Гоббс считал все чувства движениями тела, связанными с волей и направленными на внешние объекты. Направлений их движения только два, а именно к объекту (желание/влечение, appetite) или от объекта (отвращение, aversion). Если мы некий объект ни желаем, ни отвергаем, значит мы его презираем и держим наше тело (наше сердце) в середине между двумя движениями. Из этих двух направлений образуется краткий каталог основных («простых», как выражается Гоббс) эмоций, таких как любовь, печаль и радость, а в сочетании с другими факторами – бесконечный каталог других эмоций75. Однако следует отметить, что Гоббса «интересовал главным образом […] не психологический анализ, а разработка такой концепции человеческой природы, которая объясняла бы поступки людей и обеспечивала бы внятную основу для гражданских институтов и политического правления»76.

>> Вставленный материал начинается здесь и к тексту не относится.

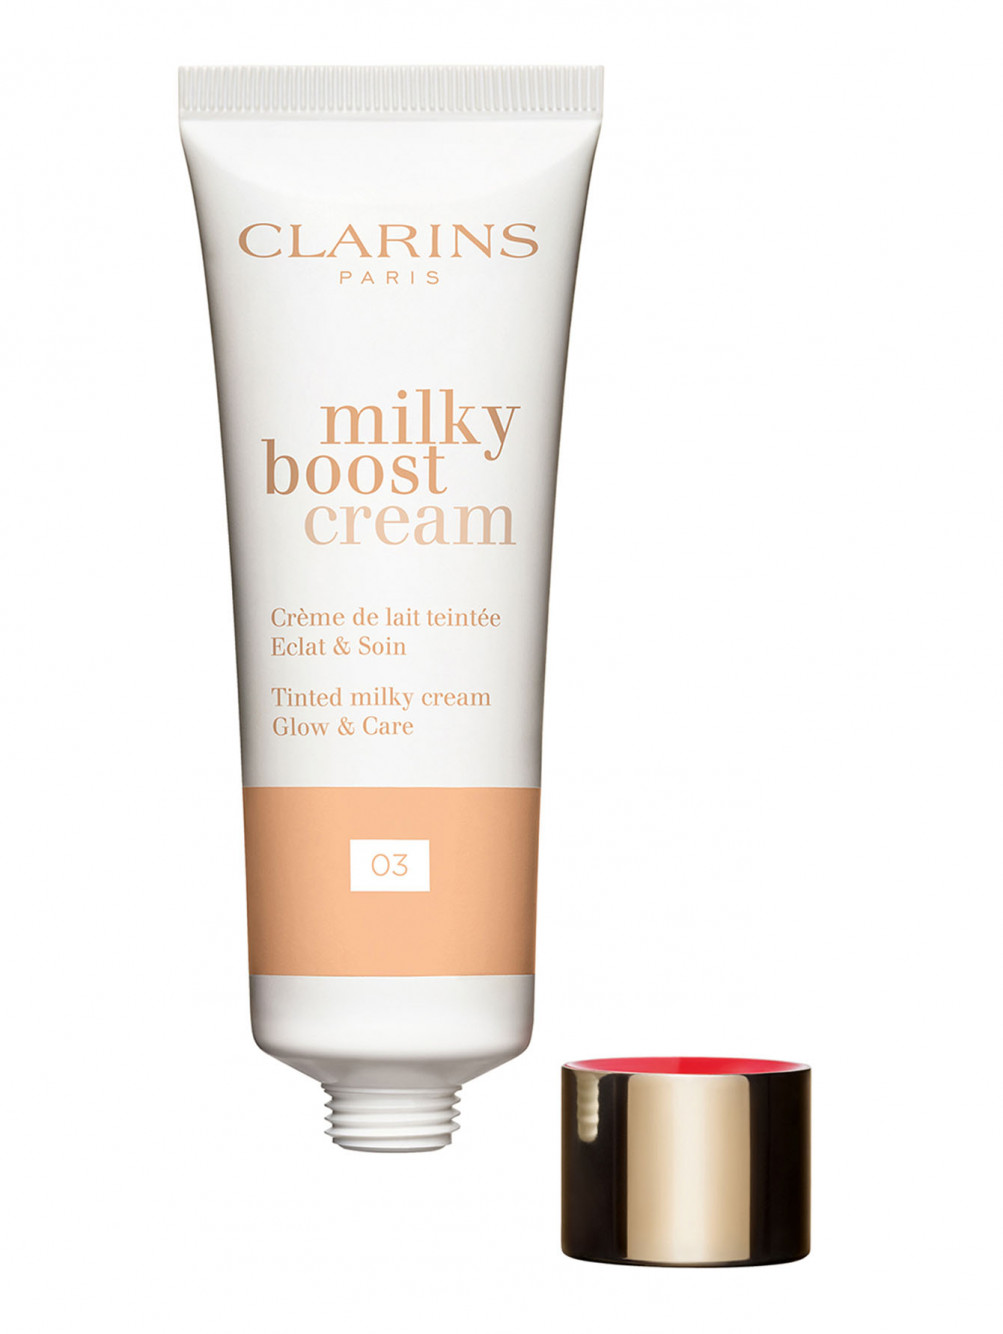 Тональный крем с эффектом сияния Milky Boost Cream, 03, 45 мл - Обтравка2

На идеи теоретиков государства, таких как Гоббс и его оппонент Джон Локк (1632–1704), отреагировали шотландские моральные философы XVIII века, которые придумывали сложные системы чувств и ввели в оборот категорию эмпатии, в наши дни снова активно обсуждаемую. Энтони Эшли-Купер, граф Шефтсбери (1671–1713), который был тесно связан с шотландскими моральными философами, задался – с позиций утилитаризма – вопросом о пользе эмоций. Его концепция чувств была гораздо более реляционной, чем у Гоббса: по его мнению, одна часть эмоций – естественные страсти (natural affections) – направлена в основном на окружающих, в то время как неестественные страсти (unnatural affections) – антиобщественные, нацелены только на собственную выгоду77. Кроме того, Шефтсбери, в отличие от Гоббса, считал, что в человеческой природе «в конечном счете уживаются добродетель и корысть»78. Чувства, по его мнению, априори морально ценны, в том числе и стремление к счастью (pursuit of happiness). Различные чувства в человеке соотносятся друг с другом, «как струны музыкального инструмента», стремящиеся к естественной гармонии79.

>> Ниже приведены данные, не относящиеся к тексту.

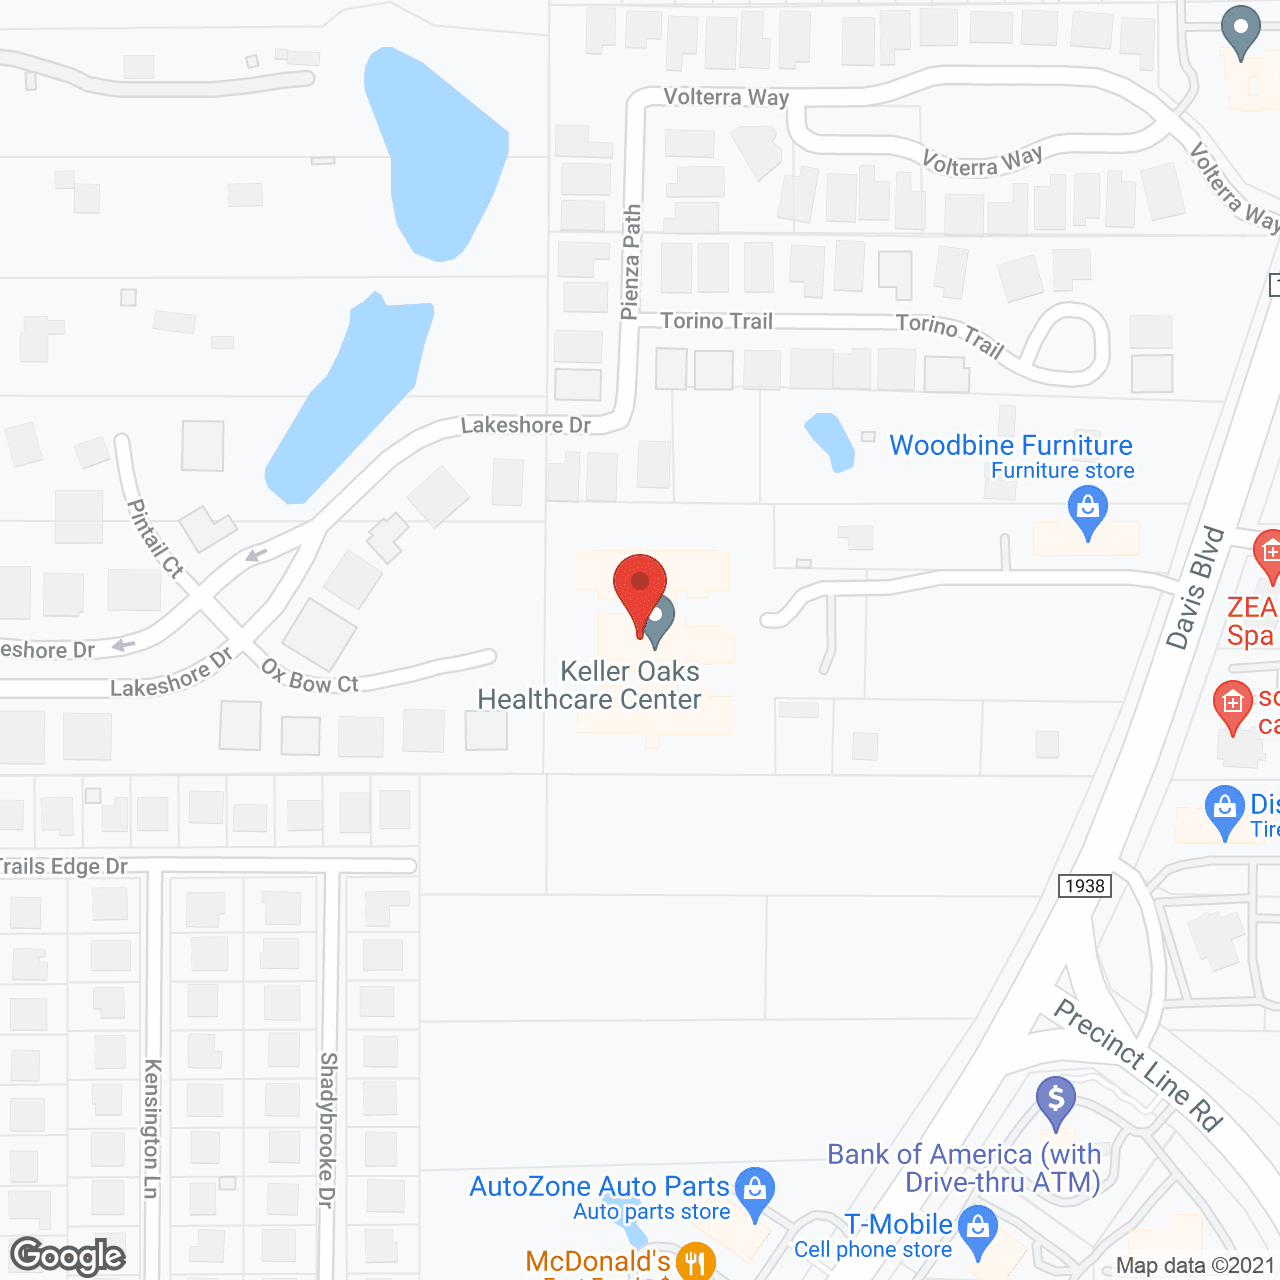 Keller Oaks Healthcare Center in google map

Еще на один шаг дальше пошел Фрэнсис Хатчесон (1694–1746), тоже моральный философ, который считал, что эмоции «по природе своей уравновешивают друг друга, как антагонистические мышцы в теле»80. Дэвид Юм (1711–1776), который сам называл себя «языческим» философом, даже возвел страсти, или эмоции (passions), в ранг инстанции, контролирующей разум: «Разум есть и должен быть лишь рабом аффектов»81. Для Юма разум как таковой не обладал никаким «оценочно-репрезентационным содержанием», а потому вполне разумным может быть и убийство82. Безнравственным убийство становится только благодаря вовлечению чувств. Юм подчеркивал:
Я ни в коей мере не вступлю в противоречие с разумом, если предпочту, чтобы весь мир был разрушен, тому, чтобы я поцарапал палец. Я не вступлю в противоречие с разумом и в том случае, если решусь безвозвратно погибнуть, чтобы предотвратить малейшую неприятность для какого-нибудь индийца или вообще совершенно незнакомого мне лица. Столь же мало окажусь я в противоречии с разумом и тогда, когда предпочту несомненно меньшее благо большему и буду чувствовать к первому более горячую привязанность, чем ко второму83.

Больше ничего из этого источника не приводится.